André Holland, the actor who played Kevin in the Oscar-winning movie, Moonlight, told Terry Gross of the NPR show, “Fresh Air,” that when his school class exchanged valentine cards, a girl returned his with a scrawled note, “I hate you, n—–.”
W.E.B. Du Bois in The Souls of Black Folk tells of a similar experience and how for him it was “when the shadow first swept over me.” He describes being shut out of “their world,” though he never mentions race in this episode.
Jim Perkinson says Du Bois doesn’t have to mention skin color. We as readers fill in the blanks because our eyes are not innocent. This glance that knows is what Perkinson calls the “genesis of blackness and whiteness.”
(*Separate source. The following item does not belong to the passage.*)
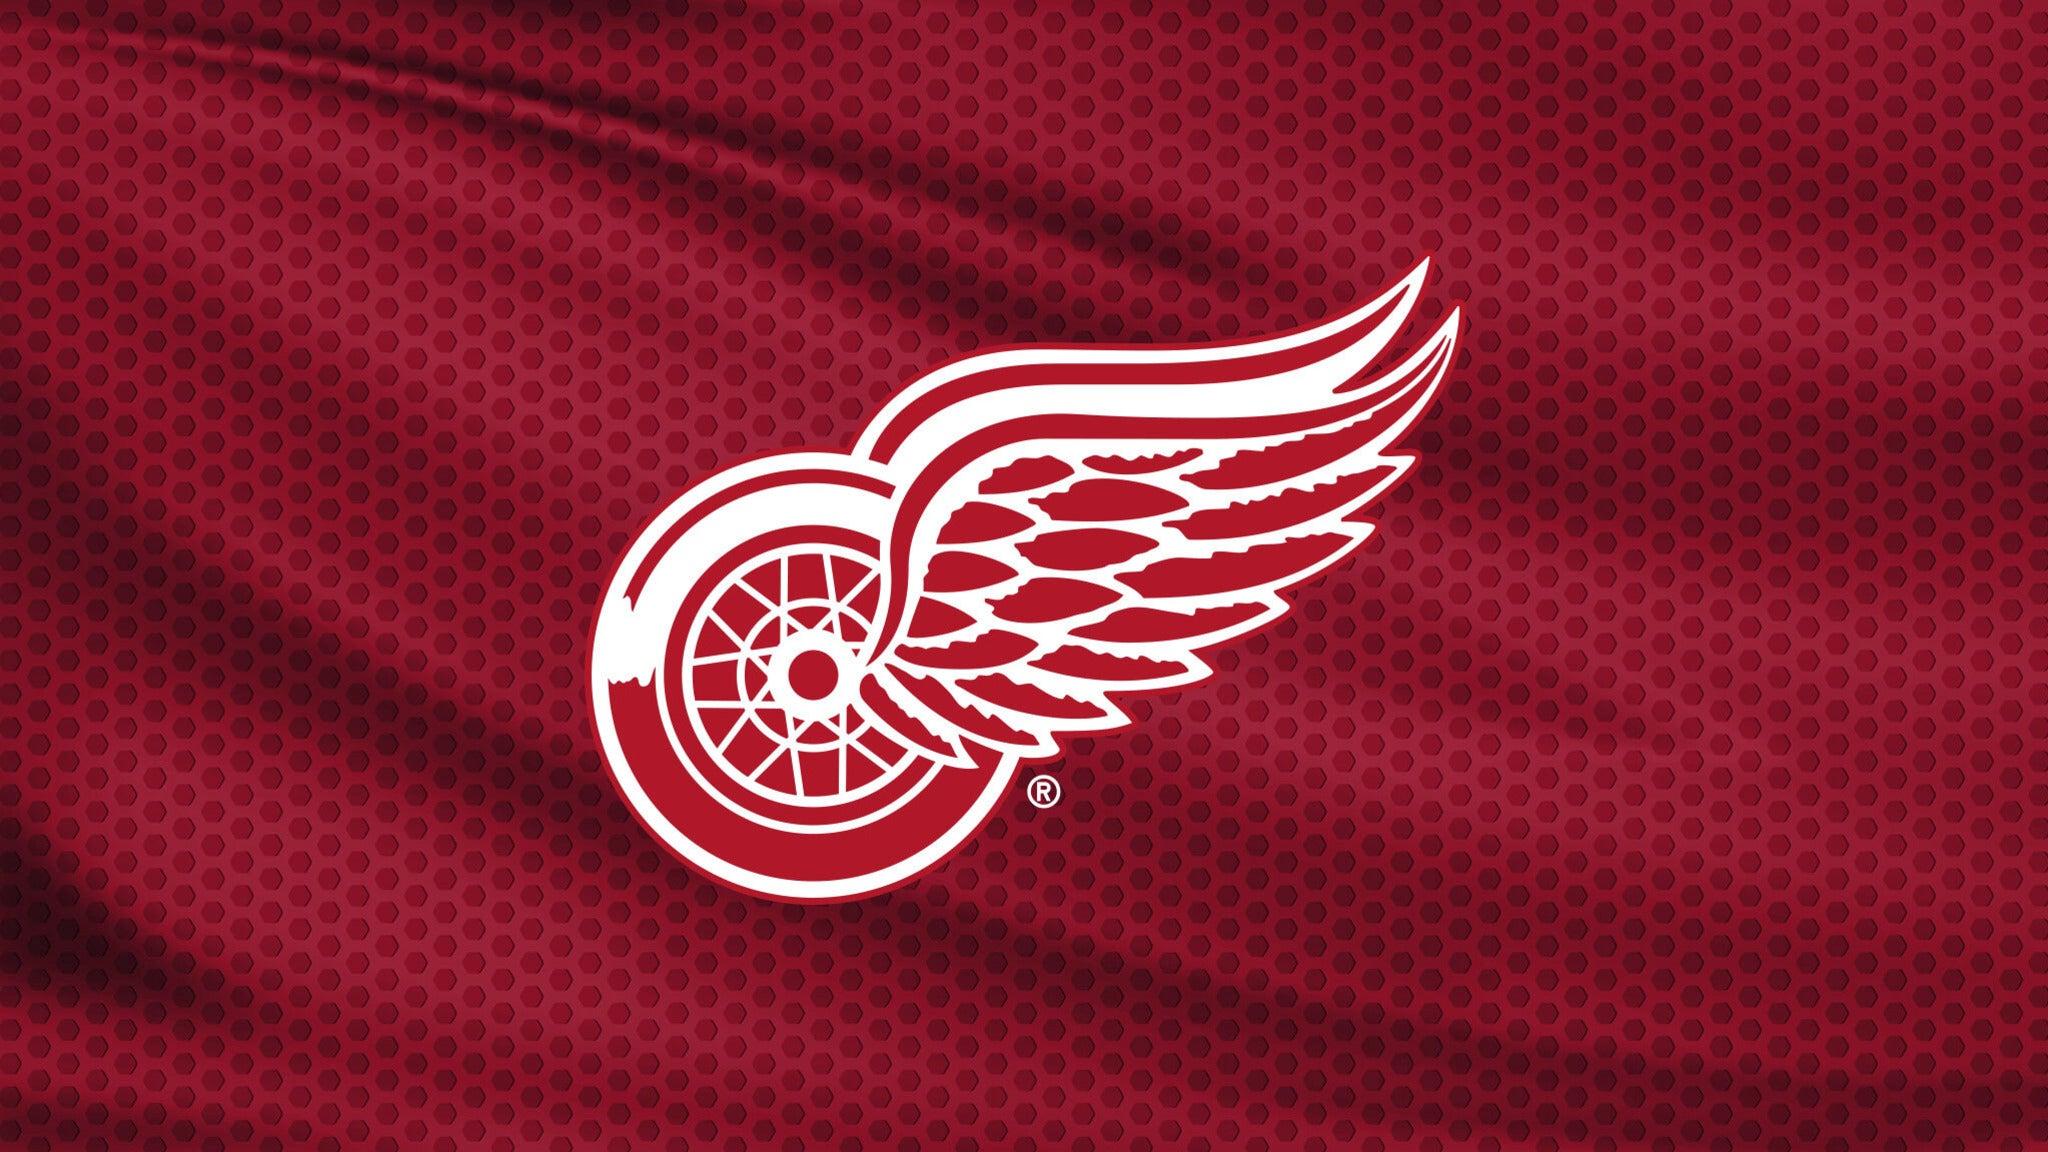 Detroit Red Wings vs. Washington Capitals - Detroit, MI 48201

James Baldwin puts the question to white people. Why do white people need someone to put in a lower place, whether in a hateful way or a benevolent way? Baldwin says he is not a “n—–” but it is for the white person to learn why for hundreds of years white people have needed to think of whites as superior and to have inferior “n——.”
What do we do with this? For 1256 Movement, we use this as a reminder not to replace white supremacy hate with white supremacy benevolence. We are fellow humans making the world better, and we need one another.
 “‘Moonlight’ Actor André Holland : Fresh Air,” NPR.Org.
 Raoul Peck, Texts by James Baldwin, I Am Not Your Negro (Velvet Films)., 2017).
 W. E. B. (William Edward Burghardt) Du Bois, The Souls of Black Folk, 1903, Kindle, 59.
 Perkinson, 94.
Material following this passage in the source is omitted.